Тема безумия, а также (не)узнавания и (не)возвращения домой связывает героя «Азаэля» с его мифологическим прототипом – ангелом Азаэлем, чье имя связано в еврейских источниках с именем другого ангела, Шемхазайя, который упоминается в романе снова в последней главе, а также с одним из центральных персонажей русской классики – Евгением, героем пушкинского «Медного всадника», и с темой человека и власти[78]. В главе «Азаэль» упоминаются «Книга Сияния» («Зоар») и «Книга тайн ангела Разиэля» (в действительности «Книга Разиэля», ангела, сообщающего людям подслушанные им тайны Творца и Творения). Однако источником наиболее известного мифа (агады) об ангелах Азаэле и Шемхазайе является Мидраш Абкир, сохранившийся в виде отрывков и цитат в таких сборниках, как «Ялкут Шимони». Миф повествует об эпохе, предшествующей всемирному потопу, когда люди стали служить идолам. Ангелы Шемхазай и Азаэль не преминули напомнить Господу о его ошибочном, по их мнению, решении сотворить человека. Всевышний же предположил, что живи ангелы на земле, они были бы подвержены искушению не меньше, чем люди. Шемхазай и Азаэль взялись доказать обратное, отправились жить на землю и, конечно, тут же погрязли в грехе. Впоследствии, накануне потопа, одному приснилось, как некий ангел соскабливает письмена с камня, а другому – как ангелы с топорами вырубают деревья роскошного сада (этот образ упоминается и у Соболева). Шемхазай раскаялся и повесил себя вниз головой между небом и землей, а нераскаявшийся Азаэль пребывает во грехе и поныне[79].
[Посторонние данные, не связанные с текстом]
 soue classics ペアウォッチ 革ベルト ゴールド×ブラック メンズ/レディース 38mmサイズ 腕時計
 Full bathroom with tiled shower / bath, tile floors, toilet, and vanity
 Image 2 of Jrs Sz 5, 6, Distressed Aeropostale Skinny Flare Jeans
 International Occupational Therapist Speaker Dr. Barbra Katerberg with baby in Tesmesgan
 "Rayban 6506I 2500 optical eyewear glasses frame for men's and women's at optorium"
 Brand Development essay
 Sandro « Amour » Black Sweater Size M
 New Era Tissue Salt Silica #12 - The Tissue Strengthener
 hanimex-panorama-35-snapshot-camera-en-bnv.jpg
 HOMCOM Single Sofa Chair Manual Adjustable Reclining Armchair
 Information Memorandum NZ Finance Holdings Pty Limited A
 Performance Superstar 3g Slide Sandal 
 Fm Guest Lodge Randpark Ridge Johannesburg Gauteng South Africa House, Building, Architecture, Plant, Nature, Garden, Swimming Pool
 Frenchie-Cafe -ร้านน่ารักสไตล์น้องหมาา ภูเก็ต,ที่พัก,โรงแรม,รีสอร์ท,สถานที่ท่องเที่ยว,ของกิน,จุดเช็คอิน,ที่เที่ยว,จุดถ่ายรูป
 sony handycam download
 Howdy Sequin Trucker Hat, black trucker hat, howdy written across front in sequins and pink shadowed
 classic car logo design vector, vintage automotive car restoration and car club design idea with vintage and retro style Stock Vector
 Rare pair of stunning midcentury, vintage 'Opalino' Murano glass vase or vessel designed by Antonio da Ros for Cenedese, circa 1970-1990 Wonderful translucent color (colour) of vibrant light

Сон рассказчика «Азаэля» о всадниках, спускающихся с небес, перекликается с этим мифом. Да и жизнь рассказчика, его невозвращение домой и безумное «подвешивание» самого себя в сумасшедшем доме напоминают финал упомянутого мидраша. Центральную роль в этой аналогии имеет апокалиптическое начало, внутренне связанное с безумием, а внешне – с потопом. Мотив воды – один из главных в романе, и в большинстве случаев вода обладает особой силой, особым свойством: наделять бессмертием или лишать его («Лакедем»), огораживать недоступную и как бы несуществующую, утопическую землю («Самбатион»), являться в мистических видениях талмудических мудрецов («Орвиетта»). И наконец, вода – это то, что ищет герой, то, что «должно быть в каждом городе» и потому служит стихией слияния всех городов и рек. В последней главе рассказчик, он же Шемхазай, получает весть о потопе в образе реки, наполненной «гигантским крошевом льда» [Соболев 2005: 444]. Здесь, как и в других главах, Иерусалим сливается с Петербургом, иерусалимский камень – с гранитом Невы. Русская «душа водяная, волжская, анархическая» омывает и наполняет собой все [Гольдштейн 2011]. Так, коллективный герой романа Соболева, и в особенности рассказчик «Азаэля», видящий во сне «серого всадника» [Соболев 2005: 303], приобретает черты Евгения из «Медного всадника». Герой раздавлен, лишен дома, любви и разума всевластием стихии, символизирующей стихию всевластия, которая в то же время апокалиптически карает и очищает. Потоп воплощает историю, являясь ее следствием, но и стирает ее, доводя героя до беспамятства. Воды Невы, как и Самбатиона, превращаются в каменную неприступную крепость, превращая Петербург в не-место, в утопию, где нет места маленькому человеку с его слабым разумом, тщетными надеждами и иллюзией свободы. А образ ангела, богоборца-неудачника, подвешенного между небом и землей, жестом не-касания отказавшегося от того и от другого, становится персонификацией идеи, лежащей в основе всех семи повествователей в романе.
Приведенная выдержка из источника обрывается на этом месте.